Why He Wouldn't Be Allowed on MTV Now: Who would he be able to hook up with?


Daria: It's hard to imagine, but MTV used to relate more to outcasts than potential prom kings and queens — and there was no one more acerbic than Daria Morgendorffer.

Why She Wouldn't Be Allowed on MTV Now: Not willing to make out with other girls.


Julie Brown: No, not the VJ famous for saying "Wubba Wubba," but the comedienne who hosted the outlandish Just Say Julie from 1989 to 1992. Absolutely everything on the network was fair game to her (long before Beavis & Butthead, she was playing music videos just to mock them), and she satirized sacred cows like Madonna and her own Valley Girl image with impunity.

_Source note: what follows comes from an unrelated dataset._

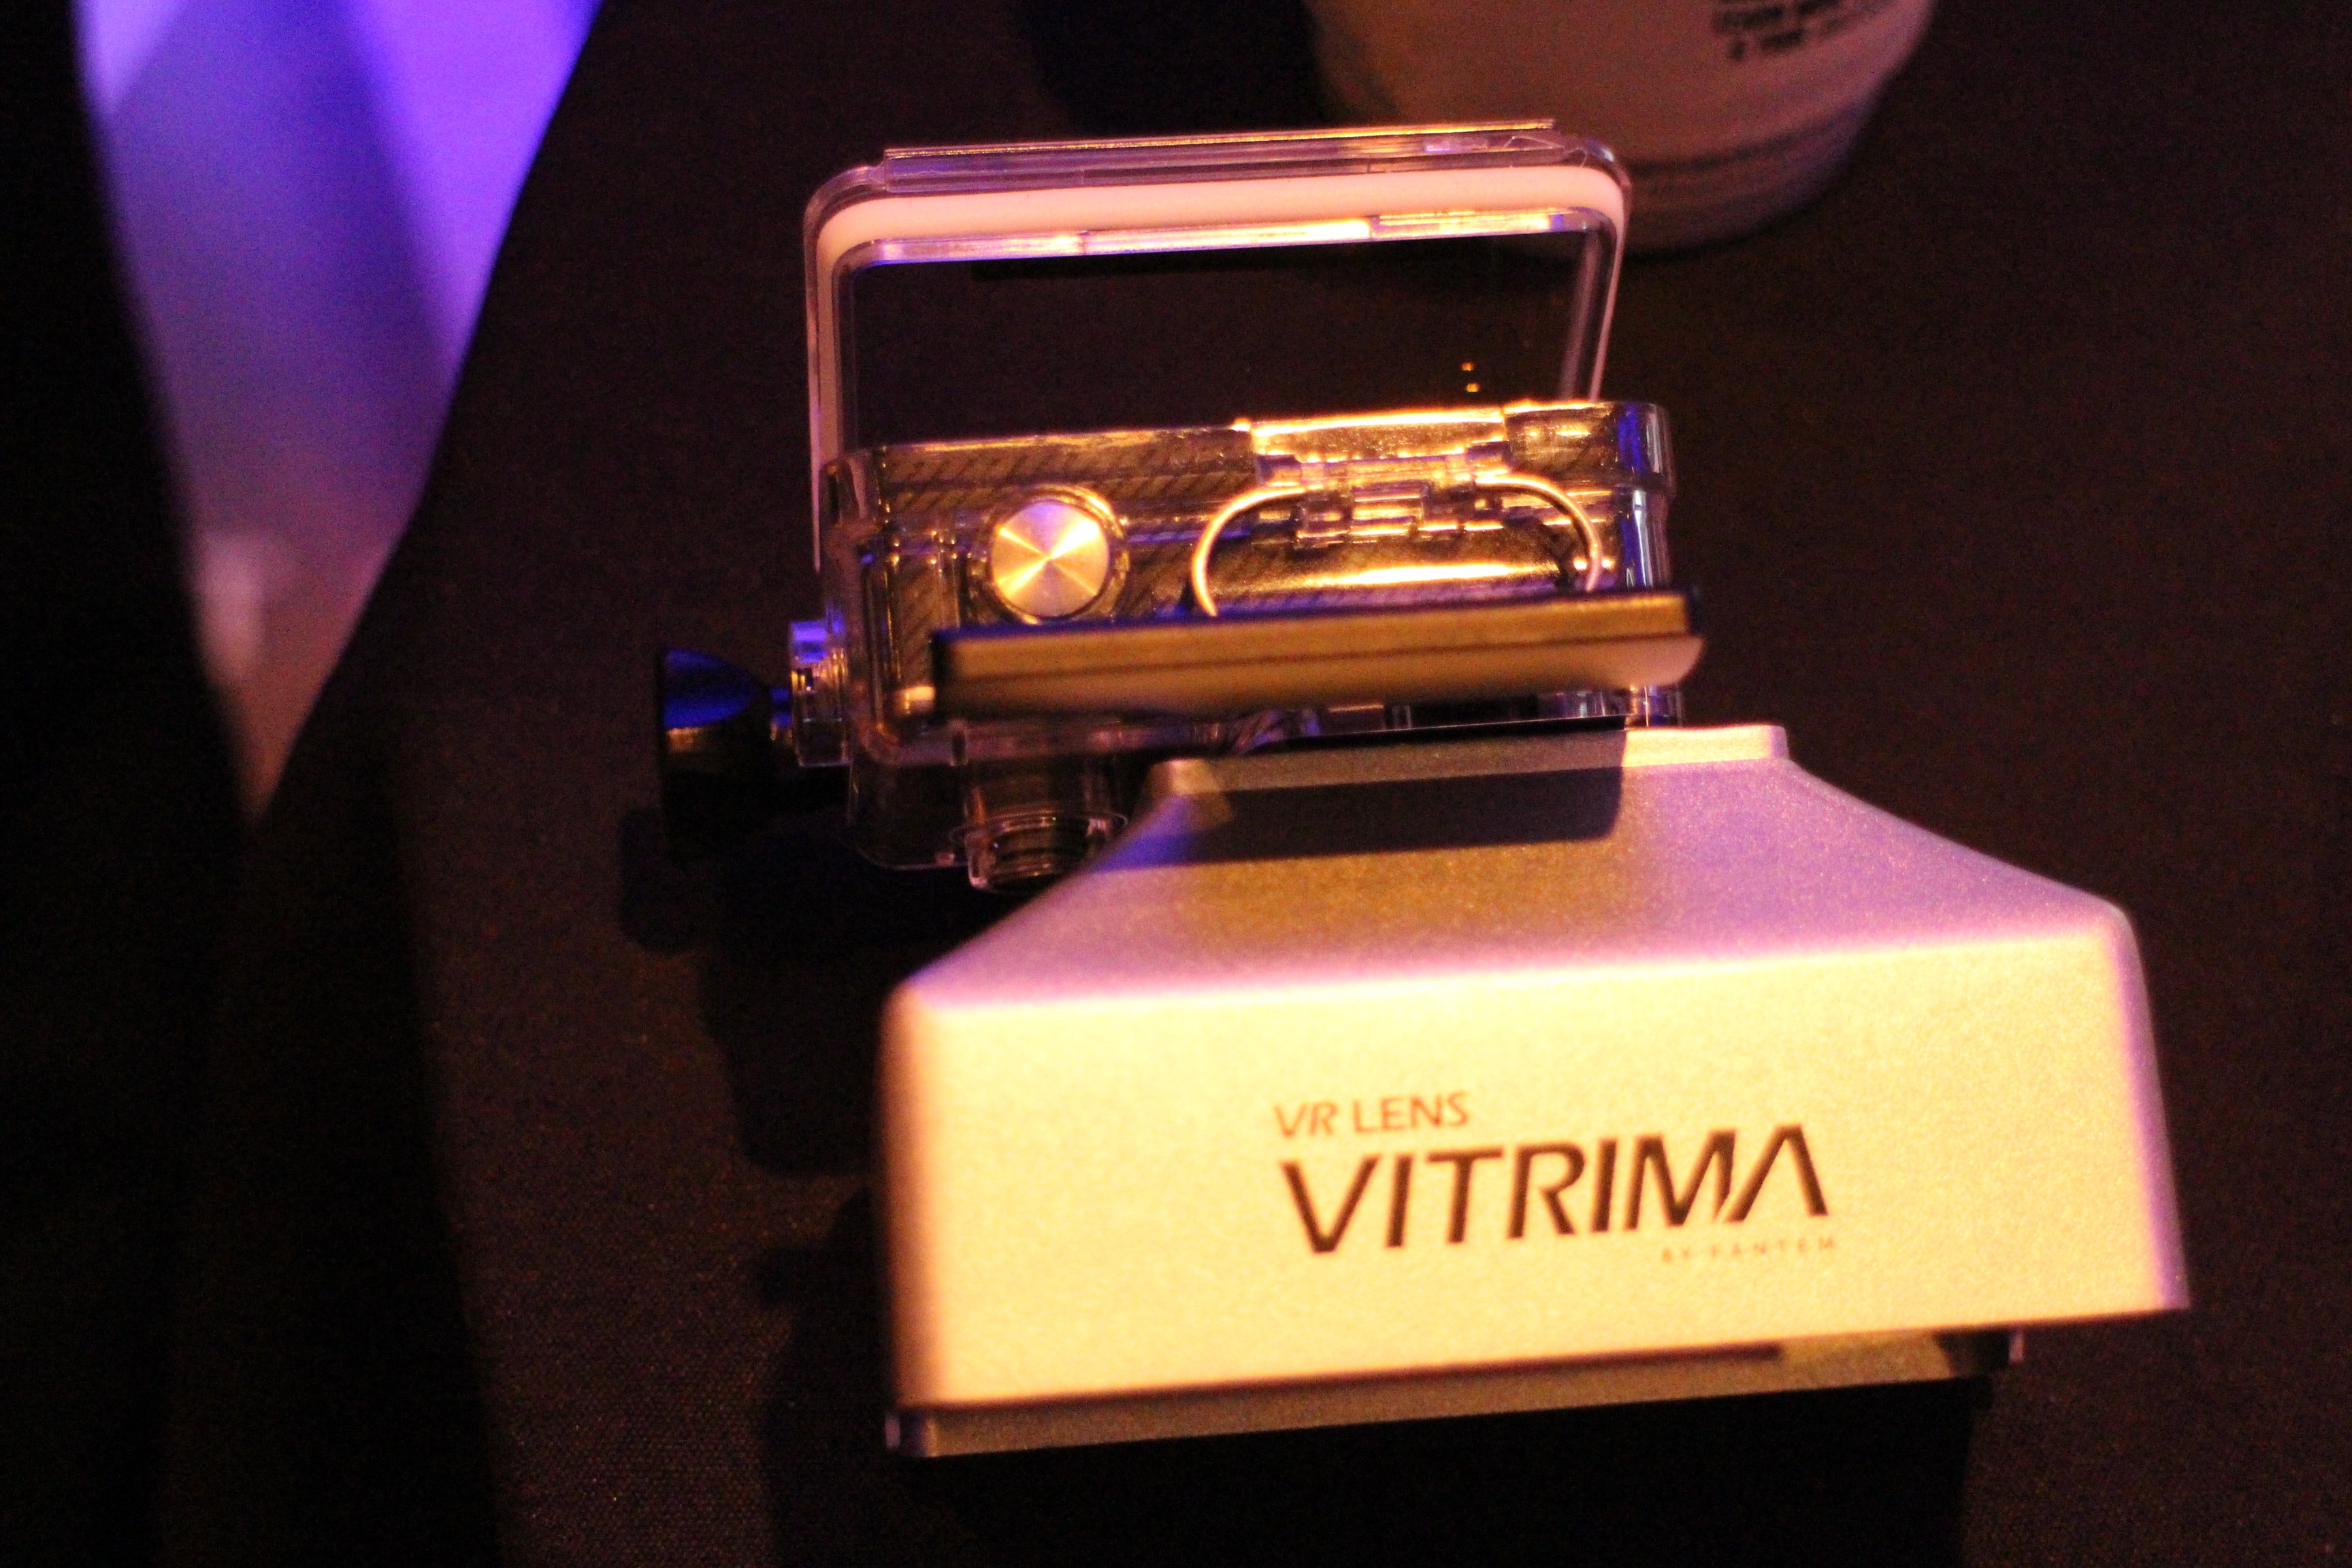 VITRIMAは、GoPro一台で擬似的にVR映像を撮影するデバイス

Why She Wouldn't Be Allowed on MTV Now: According to this site, Brown was born in 1954, which meant she turned 35 during the first season of her show. 35! Can you even imagine MTV handing a show to a 35 year-old woman now? They'd sooner give the VMAs back to the Wayans brothers.


Tabitha Soren: It may be hard to believe, but there was a point when the MTV News reporter pictured above was derided as nothing more than a shameless attempt to sex up the news. Nowadays, even your local news anchor resembles Jenna Jameson.

Why She Wouldn't Be Allowed on MTV Now: Only male news personalities are allowed to grow old gracefully on MTV. And by "gracefully," we mean that despite pushing fifty, they are expected to dye their hair and dress like members of Good Charlotte.


Kurt Cobain: The frontman of Nirvana ushered in an age devoid of pop singers and boybands, where nerdy, unconventional acts like Radiohead and Bjork were given common rotation for their groundbreaking videos.

Why He Wouldn't Be Allowed on MTV Now: It's hard to break out as a music video star when you're relegated to 30-second clips playing alongside the end credits for Run's House.


The Kabel typeface: There may be nothing better associated with MTV than this iconic typeface, which was used to intro and outro every single video (and was phased out last year).

Why It Wouldn't Be Allowed on MTV Now: No more videos to intro and outro. Which brings us to our last item...


Music Videos: When Justin Timberlake won an award at last year's VMAs, he finished his MTV-dissecting speech by yelling, "Play more damn videos!" Sorry Justin, you're going to have to get your music videos the same way the rest of us do now: on YouTube, at 3am, after a drunken search for Arrested Development's "Tennessee" ends with a lonely, mangled singalong.